What statutes set out competition law?
The primary competition law is the MRFTA. It was enacted on 31 December 1980, and became effective on 1 April 1981. The MRFTA mainly prohibits:
- abuse of market dominance;
- anticompetitive mergers;
- unlawful cartels; and
- unfair trade practices
IP rights in competition legislation
Do the competition laws make specific mention of any IP rights?
Article 59 of the MRFTA provides that the MRFTA shall not apply to any conduct that is a legitimate exercise of rights under the Copyright Act, Patent Act, Utility Model Act, Design Protection Act or the Trademark Act.
Regarding the interpretation of article 59 of MRFTA, the IP Guidelines explain that ‘the legitimate exercise of IP rights means exercising within the scope of the intellectual property rights granted under the relevant laws’. Even in cases where there may appear to be a legitimate exercise of IP rights in form, if in substance it goes beyond the intent of the IP system and against its fundamental purpose, then the MRFTA can be applied.
Review and investigation of competitive effects from exercise of IP rights
Which authorities may review or investigate the competitive effect of conduct related to exercise of IP rights?
The KFTC was established pursuant to article 35 of the MRFTA and is in charge of enforcing the MRFTA. The KFTC thus reviews or investigates the competitive effect of conduct related to the exercise of IP rights under the MRFTA.
The KFTC’s dispositions may be challenged by filing an objection or an administrative suit to the Seoul High Court, whose decision may then be appealed to the Supreme Court.
In addition, if an infringer raises the defence of an abuse of rights or violation of MRFTA in an infringement action brought by a IP right holder, the courts may review the competitive effect of the conduct related to the exercise of IP rights.
Competition-related remedies for private parties
Can a private party recover for competition-related damages caused by the exercise, licensing or transfer of IP rights?
A private party can claim damages against a business entity or business organisation under MRFTA article 56(1) for any damages sustained as a result of the business entity or organisation violating the MRFTA, except in the case where the business entity or organisation verifies that the violation was made neither intentionally nor negligently.
A private party may also claim damages under article 750 of the Civil Act, in which case the private party must prove intent or negligence by the business entity or business organisation.

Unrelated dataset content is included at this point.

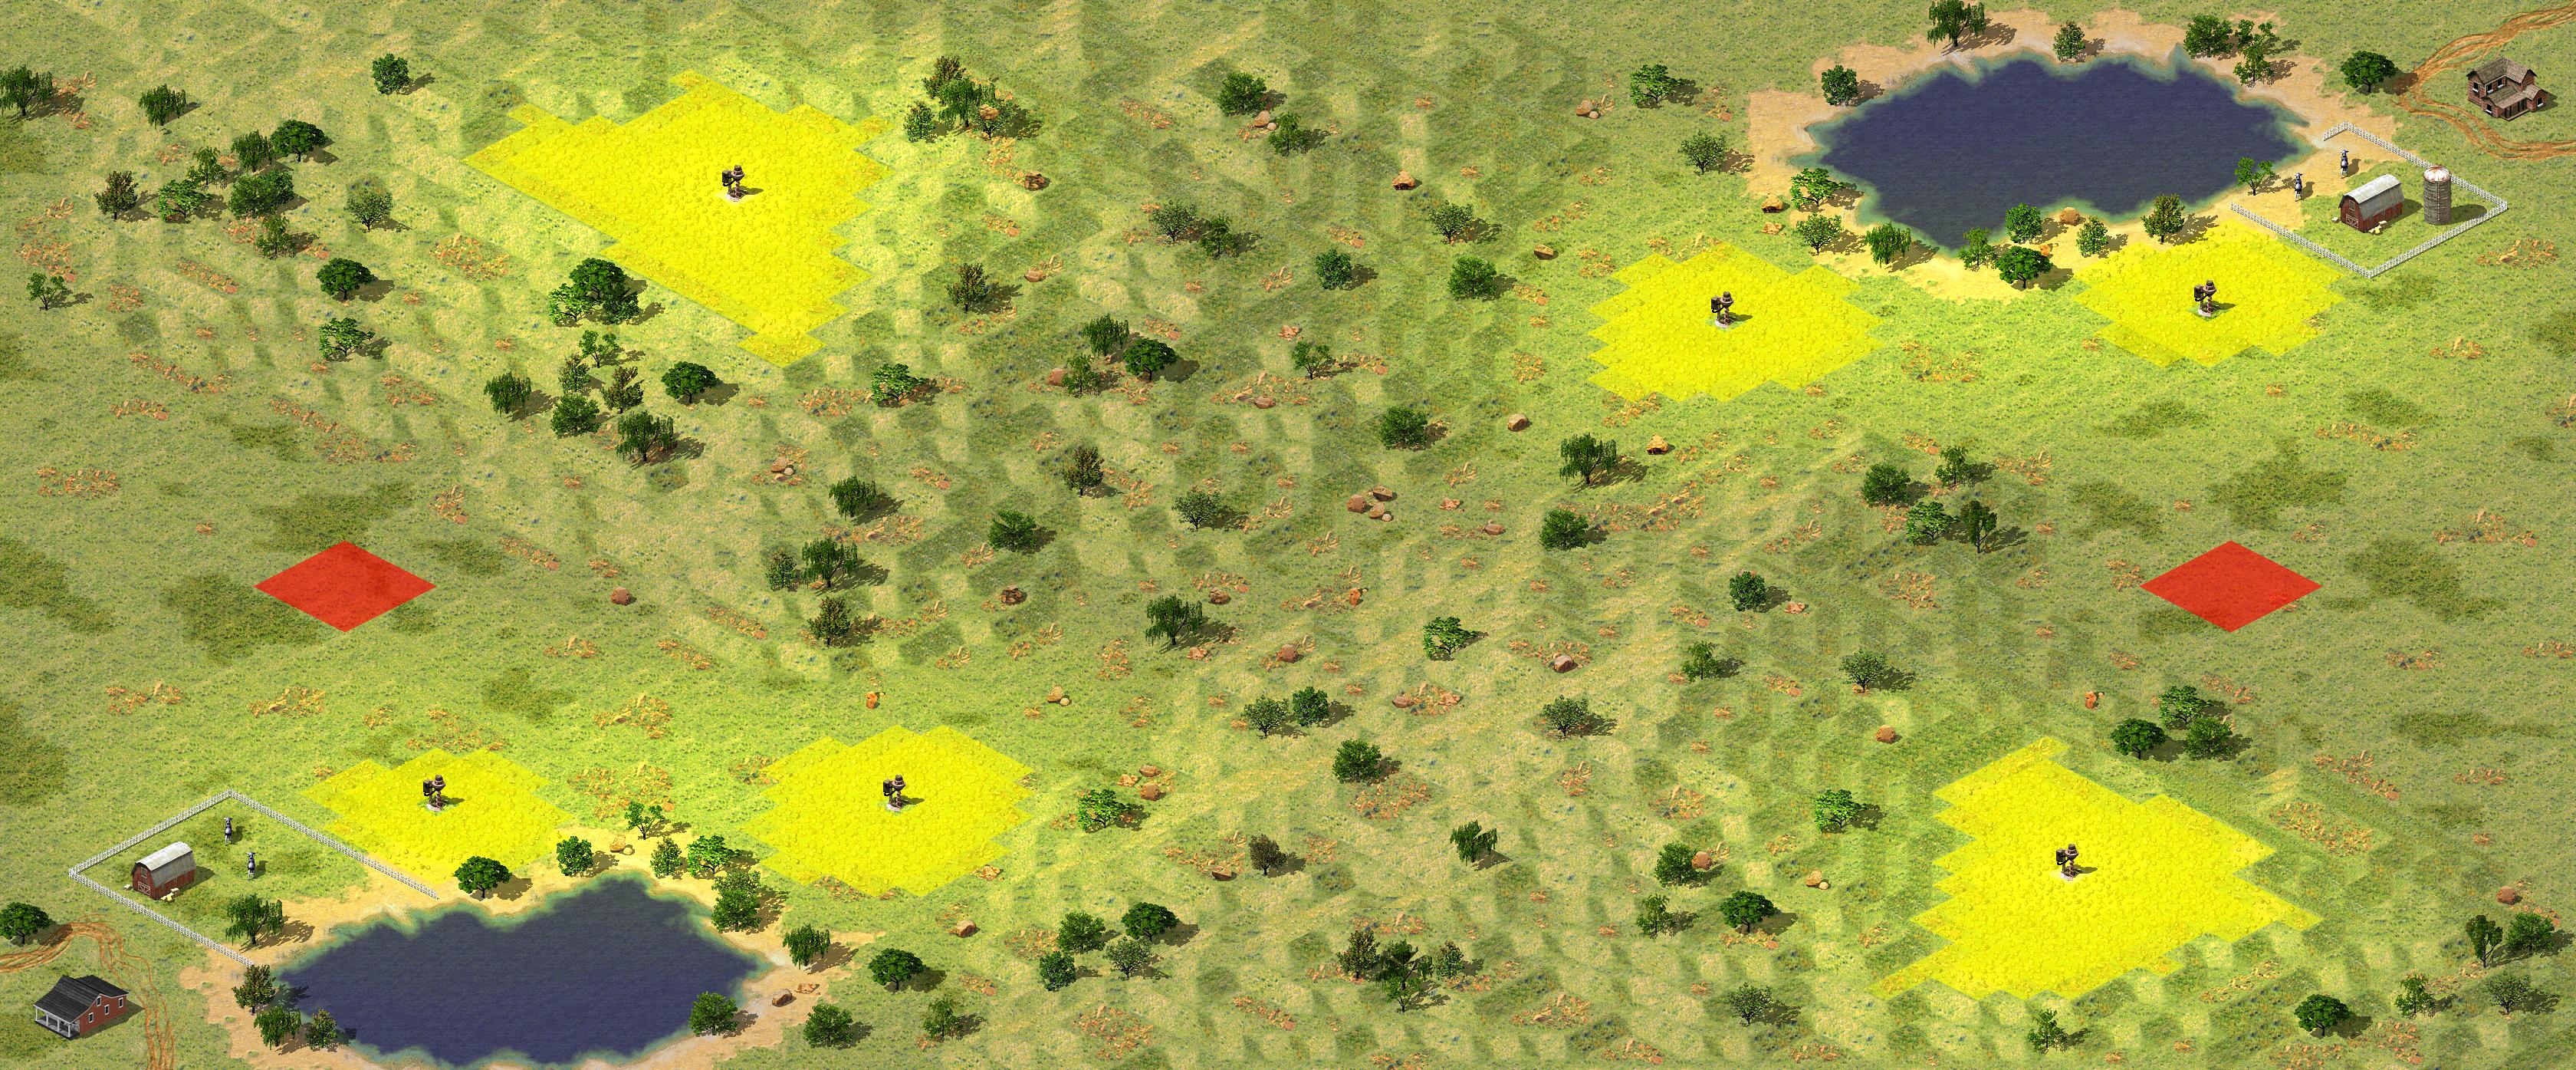 Blood Feud (Red Alert 2 map)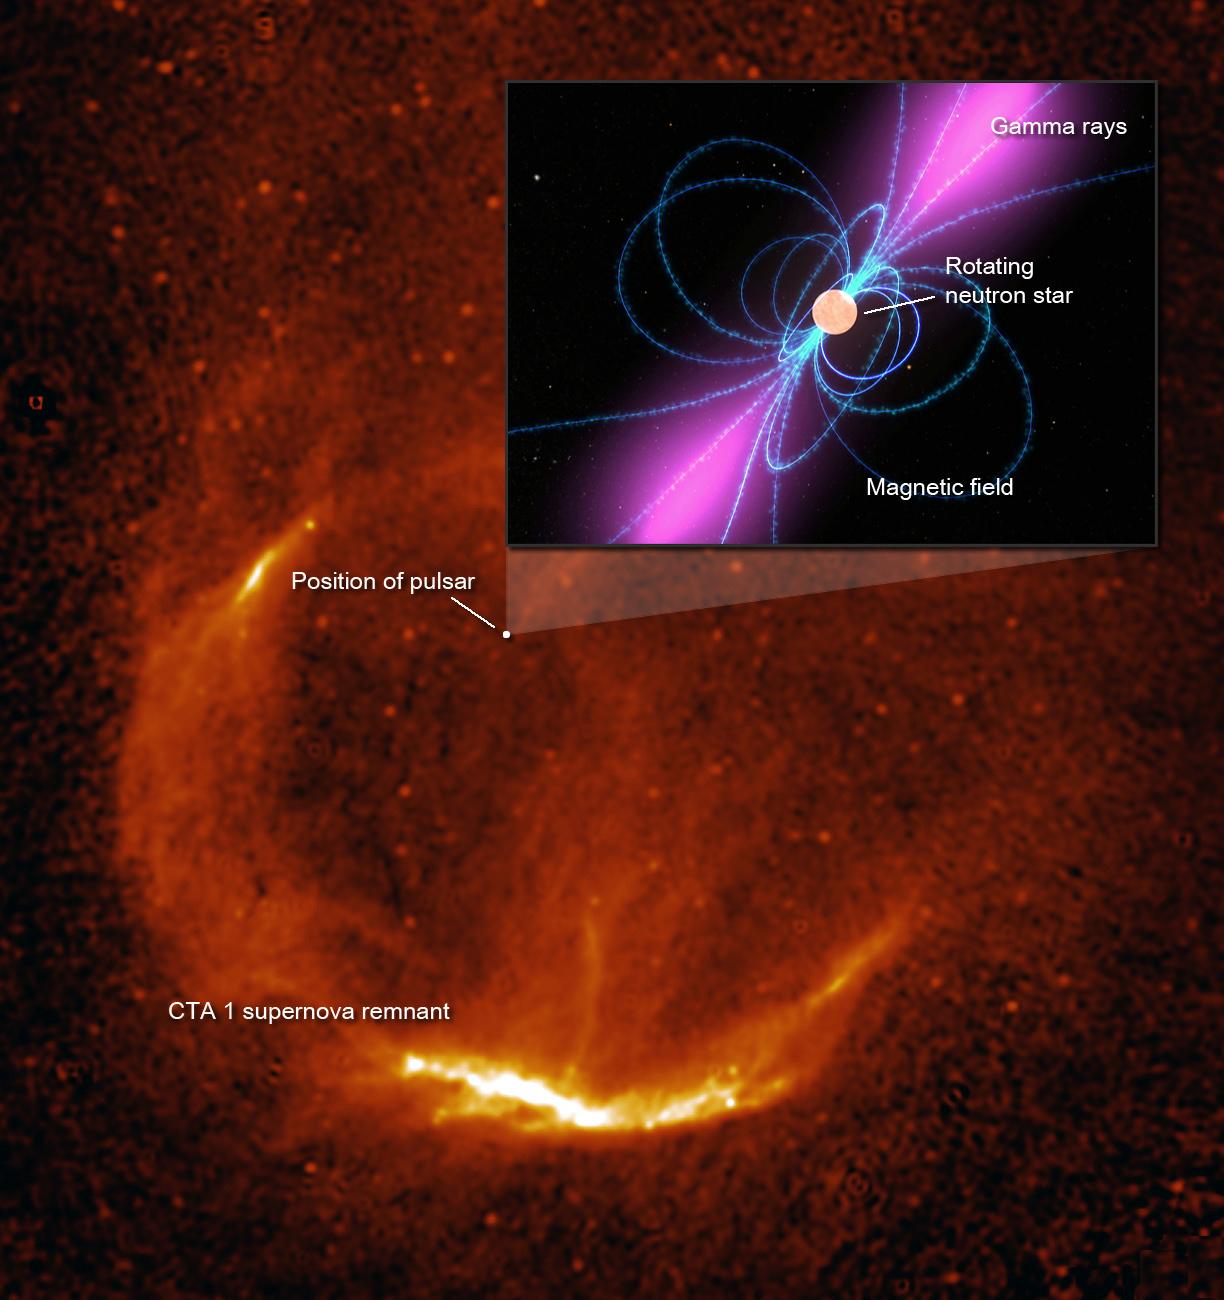 Fermi Telescope Discoveries Fermi Telescope Makes First

Under article 56(1) the MRFTA, the burden of proving that there was no intent or negligence is transferred to the business entity or business organisation.
Have the competition authorities, or any other authority, issued guidelines or other statements regarding the overlap of competition law and IP?
The KFTC issued the IP Guidelines as noted above on 30 August 2000.
The IP Guidelines apply to the exercise of IP rights, including patents, utility models, designs, trademarks and copyrights. Although the provisions of the IP Guidelines are centred on the exercise of patent rights, they can also be applied to other IP rights.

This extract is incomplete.